Dependovirus; Biochemistry; Eukaryotic Cells; Genetics; Melanoma, Experimental; Mice, Mutant Strains; Medical Laboratory Science; Parvovirus; Erythrovirus; Oncolytic Virotherapy; Oncolytic Viruses; Mice; Bocavirus; Viral Structures; Immunomodulation
Molecular Virology: Virology laboratories
Our research efforts are directed at understanding the molecular mechanisms by which mammalian parvoviruses target particular cell types, express their genes, take over their host cells and replicate their own DNA. Eukaryotic and prokaryotic expression systems, coupled with directed mutagenesis, are currently being used to separate the various functions of the complex, multi-functional parvoviral gene products, in order to understand how the virus subverts the macromolecular metabolism of its target host cell to its own ends. We are currently applying this knowledge to the construction of vectors for transducing immunomodulatory genes into tumor cells as therapeutic strategy against cancer.
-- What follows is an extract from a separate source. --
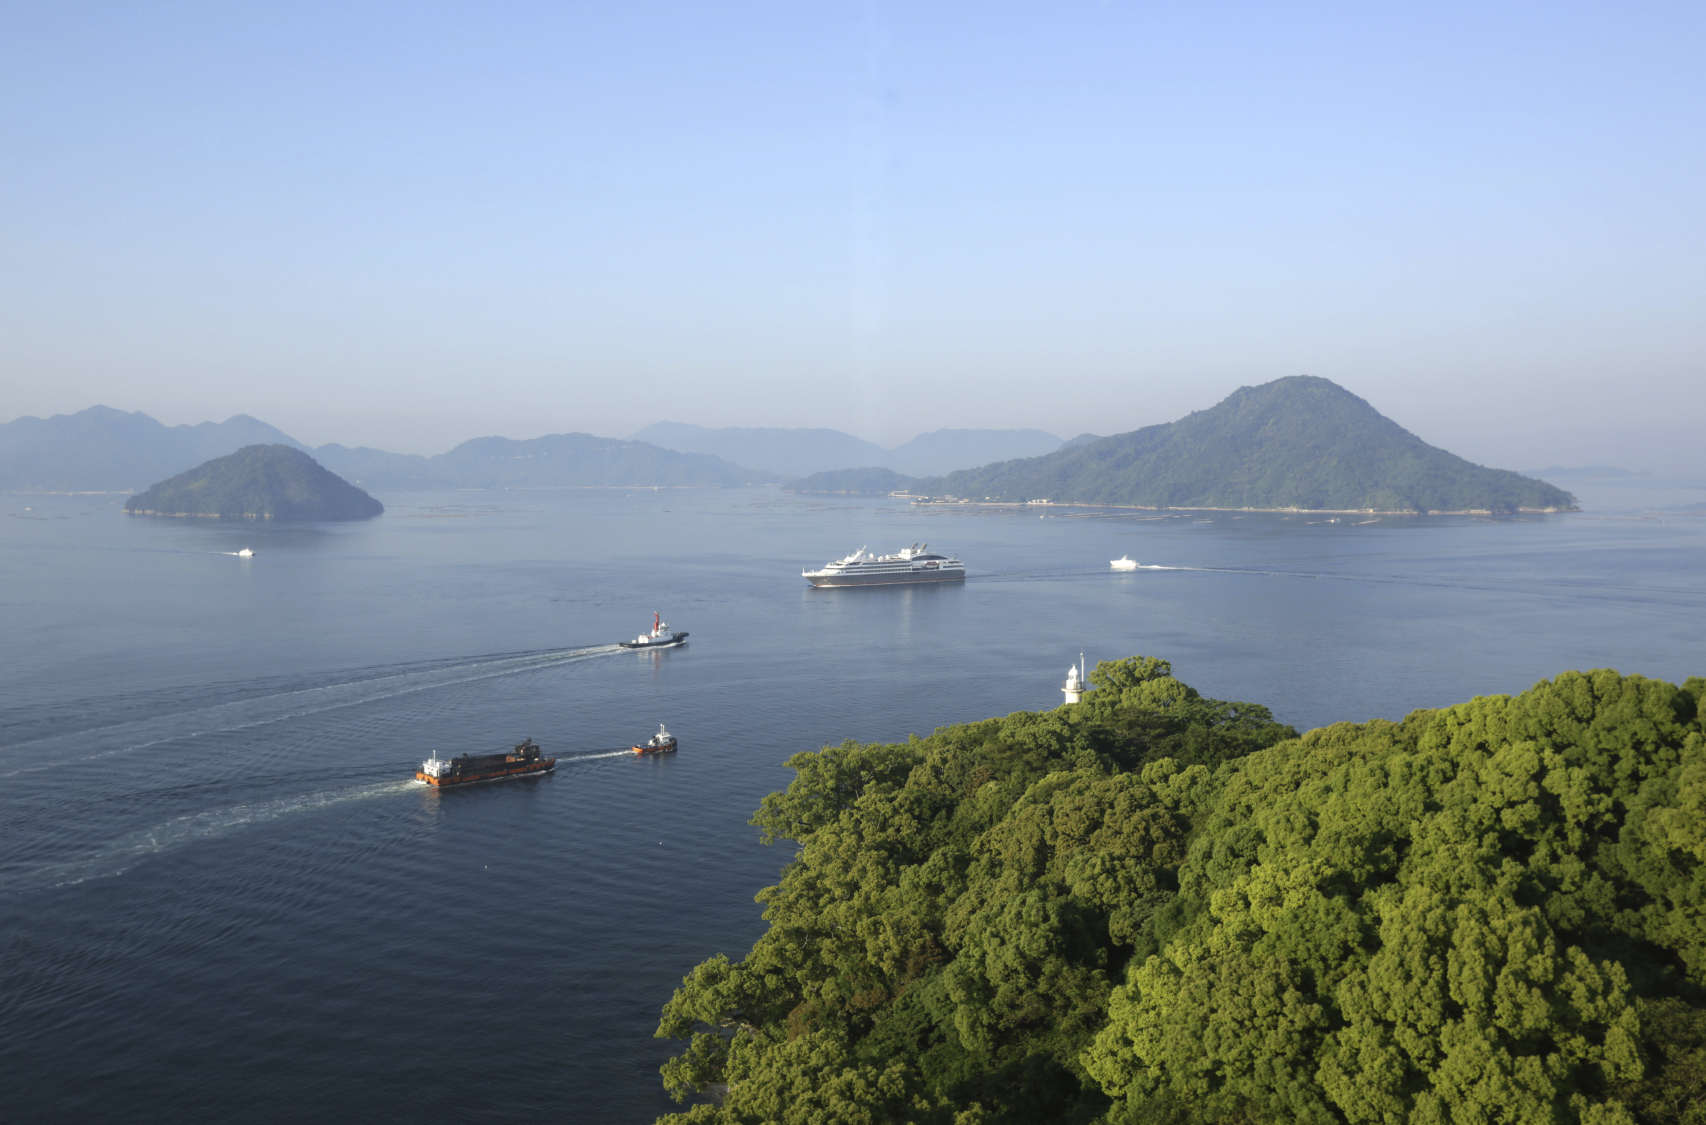 Hiroshima Bay, Seto Inland Sea, Japan

Specialized Terms: Biochemistry; Genetics; Parvoviruses; DNA replication; Gene therapy; Oncolytic virus; Vaccines; Vectors; Viral replication and vectors
Extensive Research DescriptionManipulating the oncoselectivity of parvoviruses in human tumor models
Most of the rodent parvoviruses will bind to and enter human cells with high efficiency, but fail to initiate gene expression, replicate their genomes, generate progeny or spread through the culture, unless the host cell is neoplastically transformed. As a consequence, these viruses are promising candidates as oncolytic agents for cancer therapy, particularly in situations where other treatments have proven ineffective. Our current efforts are directed toward understanding, at the molecular level, why cellular changes that accompany oncogenic transformation promote viral growth, and how we can use this knowledge to further improve the efficacy of the virus in tumor eradication. Since tumorigenesis normally involves loss of genomic integrity, tumor cells carry many mutations that are secondary to those causing the transformed phenotype. To avoid studying or selecting for viral traits that represent adaptations to such “collateral” transformed cell properties, we are using host cells that have been transformed in a stepwise fashion with activated oncogenes and/or tumor suppressor knock-downs. Currently we are exploring the contribution of the viral capsid and initiating promoter to the discrimination between normal and transformed cells, using stepwise transformed human fibroblasts and melanocytes, the latter being a model for malignant melanoma. These studies are directing strategies for selecting more oncotropic versions of these critical oncoselective elements, using gene shuffling and degenerate promoter library approaches.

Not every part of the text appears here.